Here's the idea. Let's say we have two vectors, $\mathbf{a}, \mathbf{b} \in \mathbb{R}^2$. It's not hard to show that the area of the parallelogram with vertices $\mathbf{0}, \mathbf{a}, \mathbf{b}$ and $\mathbf{a} + \mathbf{b}$ is $|\mathbf{a}| \cdot |\mathbf{b}| \sin\theta$, where the angle between our two vectors is $\theta$.
Let's give this function a name; $Ar(\mathbf{a}, \mathbf{b})$. As we demand linearity, then it must be the case that
\begin{align*}Ar(\mathbf{a + b},\mathbf{a + b}) &= Ar(\mathbf{a} , \mathbf{a}) +Ar(\mathbf{a} , \mathbf{b}) +Ar(\mathbf{b} , \mathbf{a}) + Ar(\mathbf{b} , \mathbf{b})\\
&= 0 + Ar(\mathbf{a} , \mathbf{b}) + Ar(\mathbf{b} , \mathbf{a}) + 0\\
&= 0,\end{align*}
where all the zeros come from the fact that the area $Ar(\mathbf{x} , \mathbf{x})$ can only sensibly be $0$ for all vectors $\mathbf{x}$.
Thus, we're forced to set $Ar(\mathbf{b} , \mathbf{a}) = -Ar(\mathbf{a} , \mathbf{b})$, in order to get the sane result that $Ar(\mathbf{a+b} , \mathbf{a+b}) = 0$.
This isn't the whole story, of course, but that's the idea: vanishing on a linearly dependent input list and (multi)linearity force us to use antisymmetry.

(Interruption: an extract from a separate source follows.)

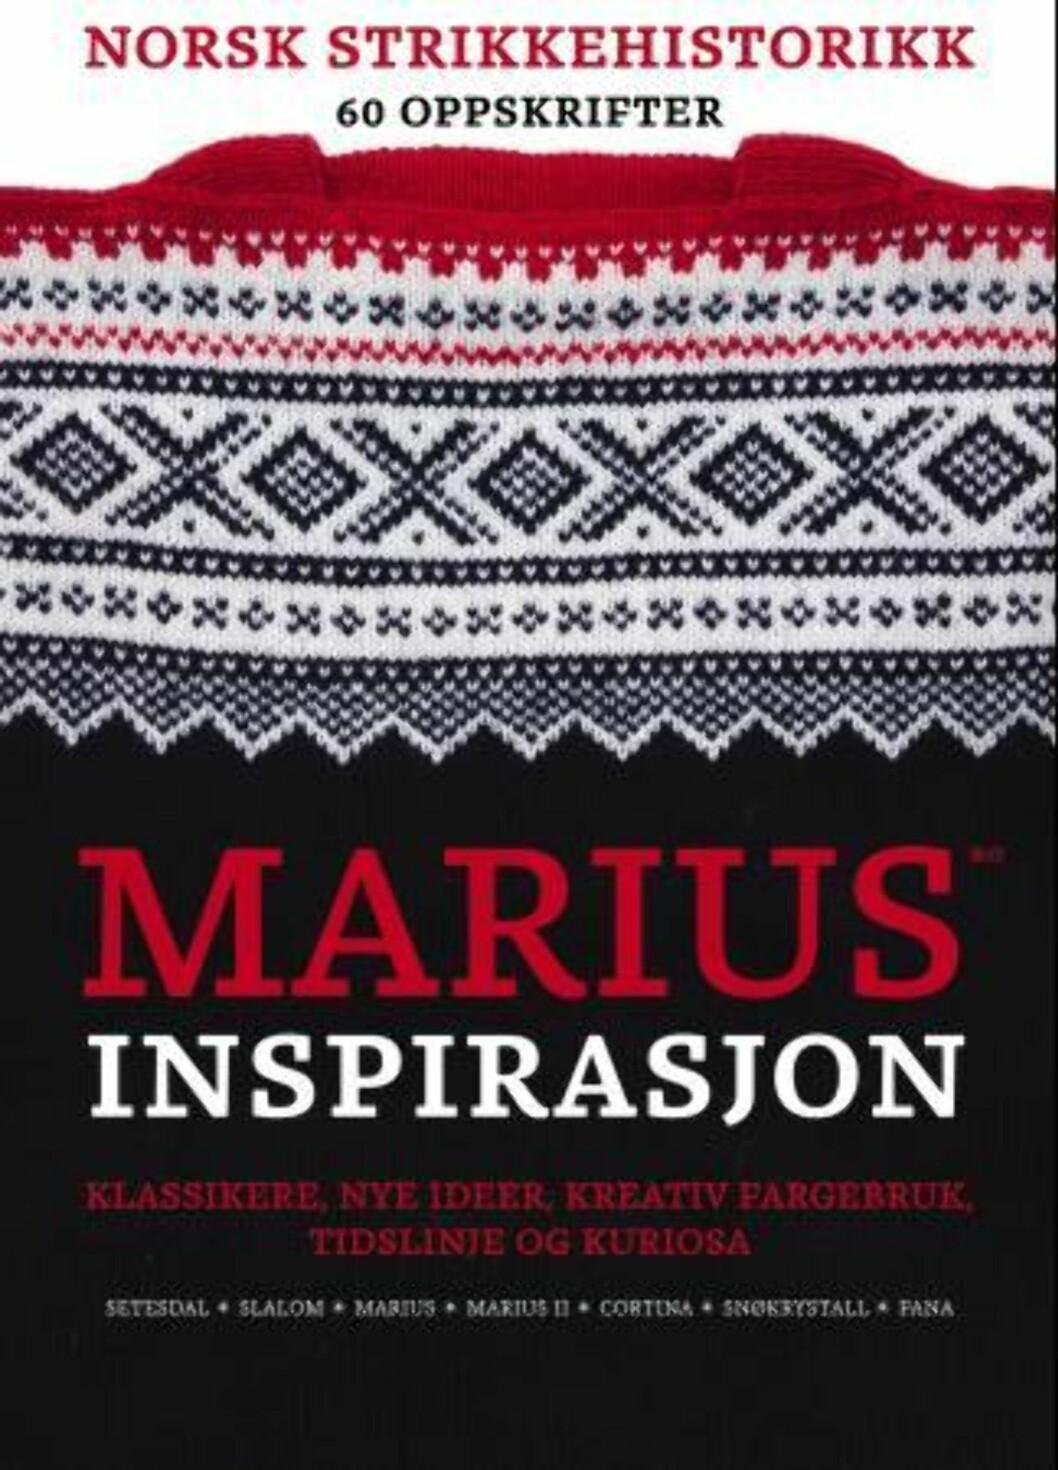 """""""Marius inspirasjon"""" av Vigdis Augusta Yran Dale, kroner 179 på Ark.no.  Foto: Produsenten"""
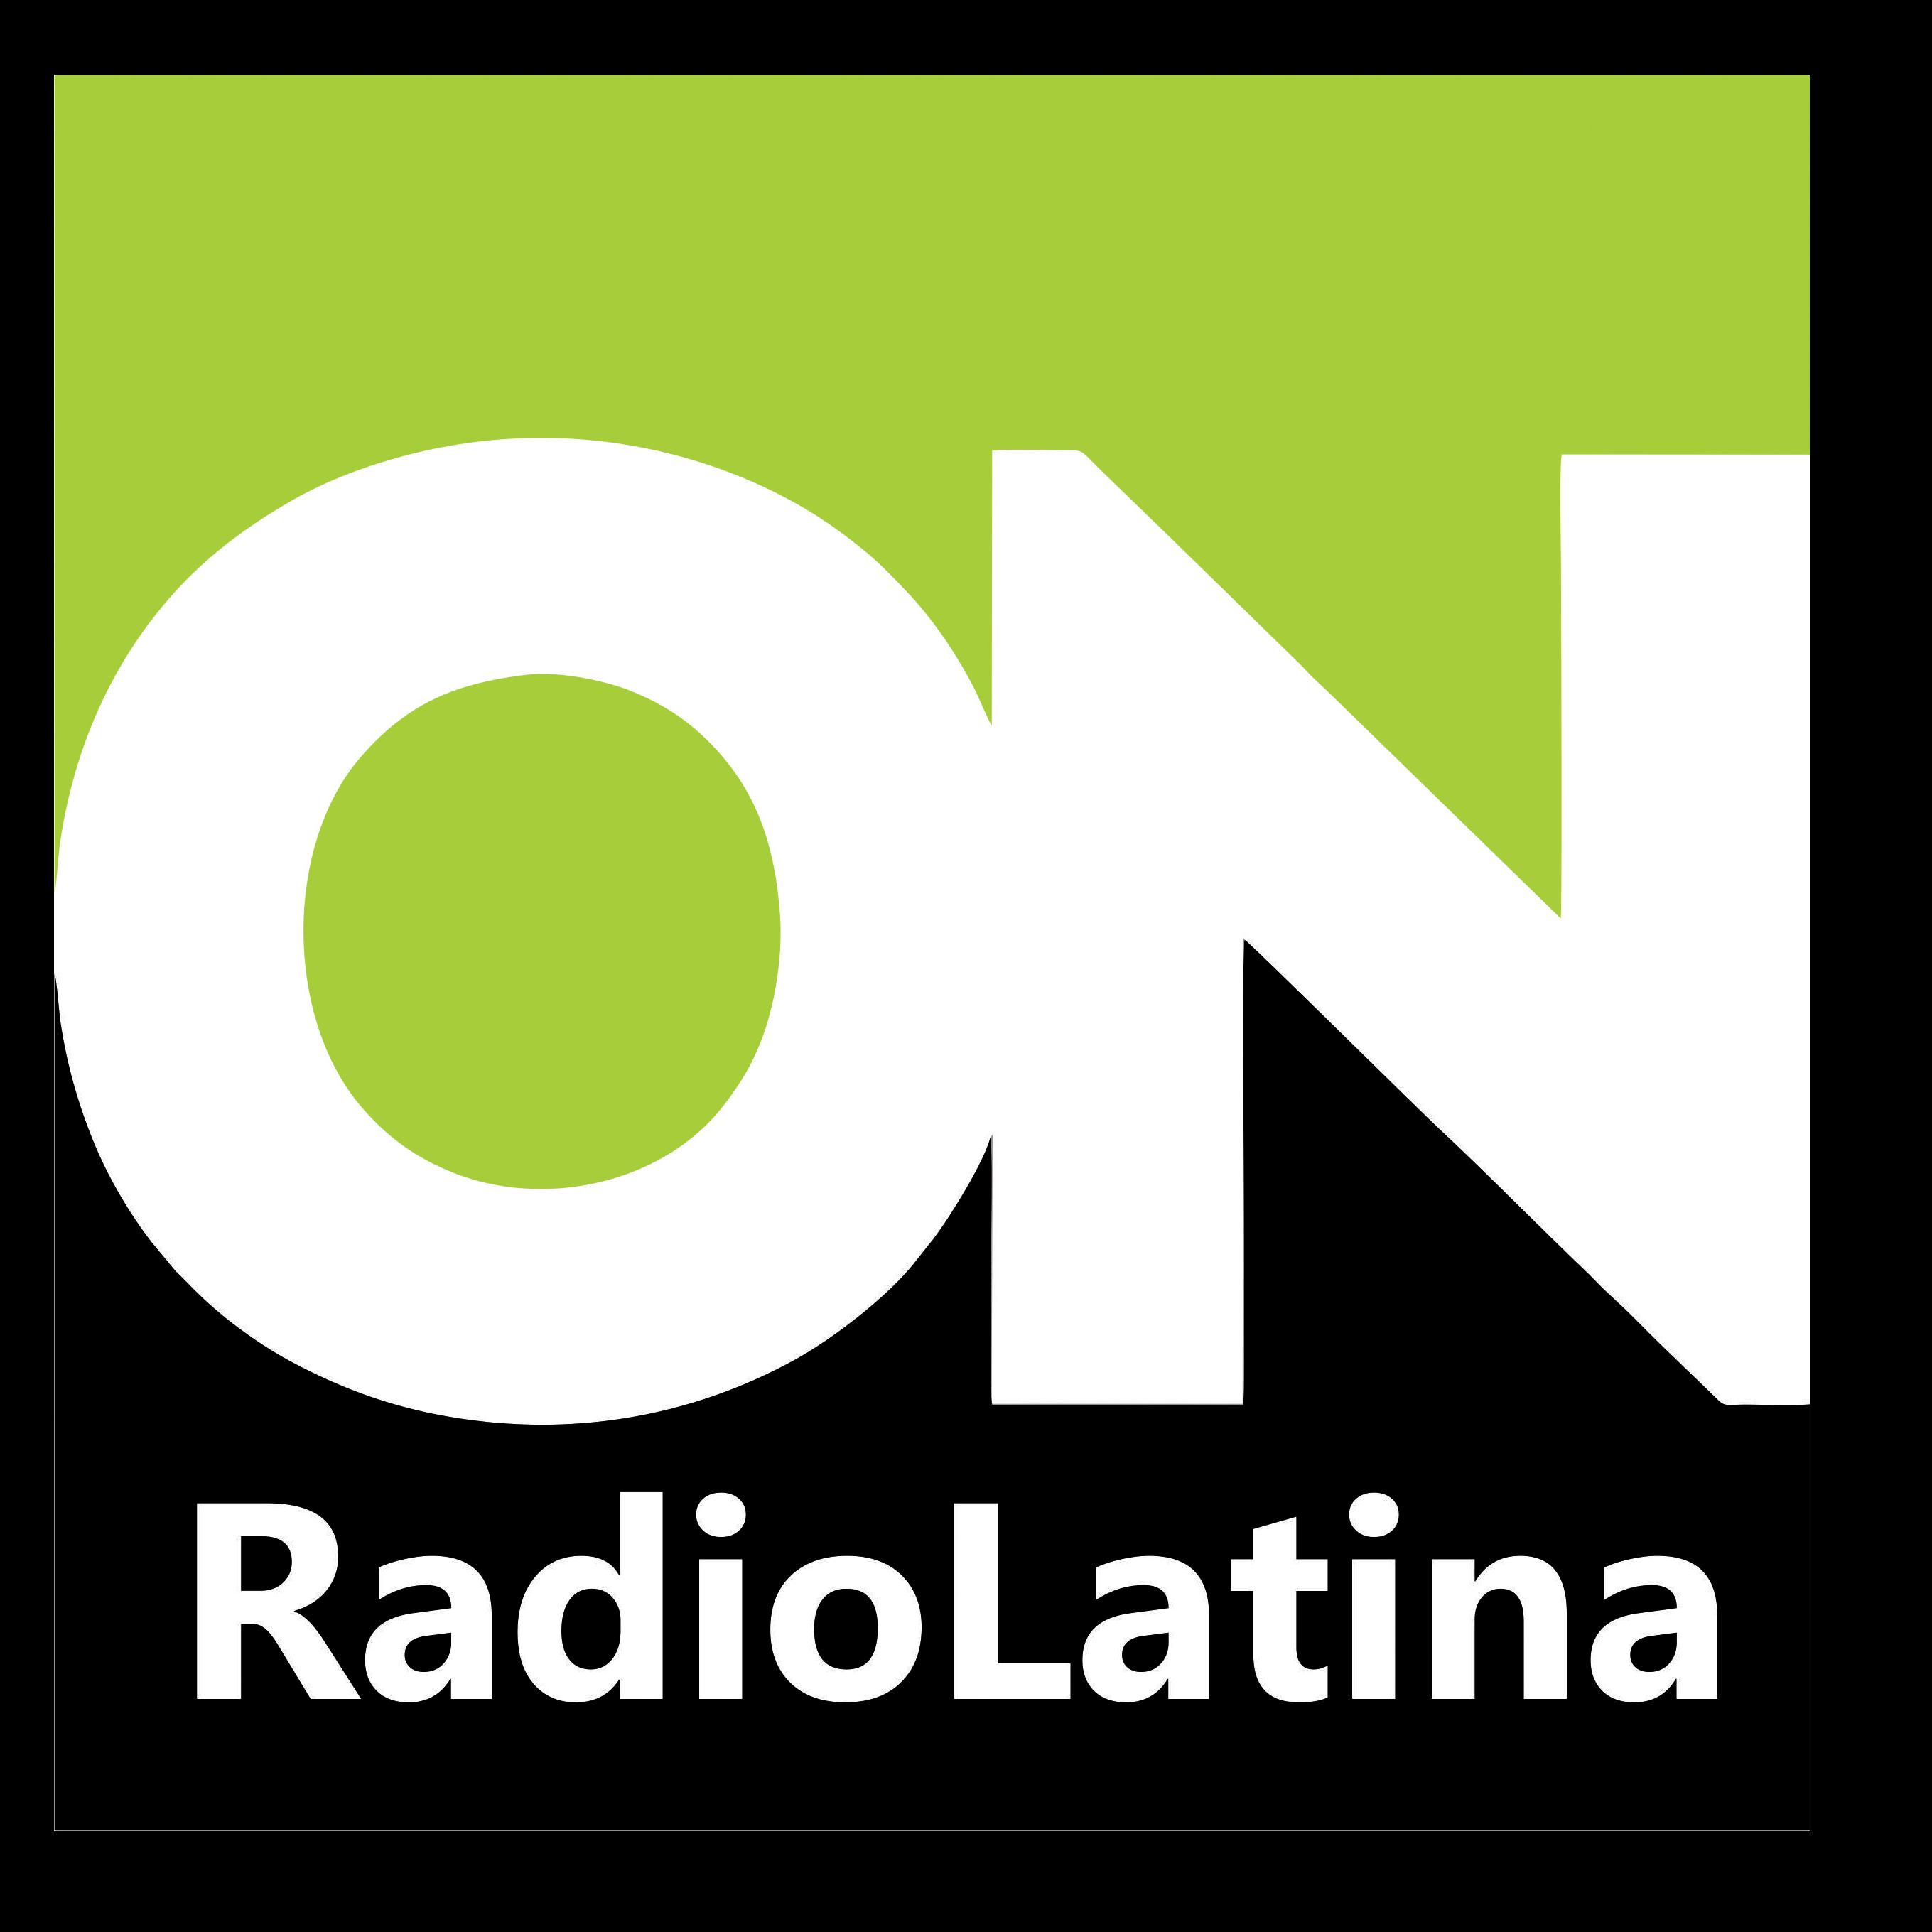 OnRadioLatina

In order to get sensible results in terms of volumes of parallelopipeds, we need oriented volume.
That, in my opinion, is the best motivator for the determinant: thinking in terms of signed volumes. It has a geometric intuition and even 'detects' linear dependence, like we saw above. It provides a great way to see why antisymmetry is essentially required.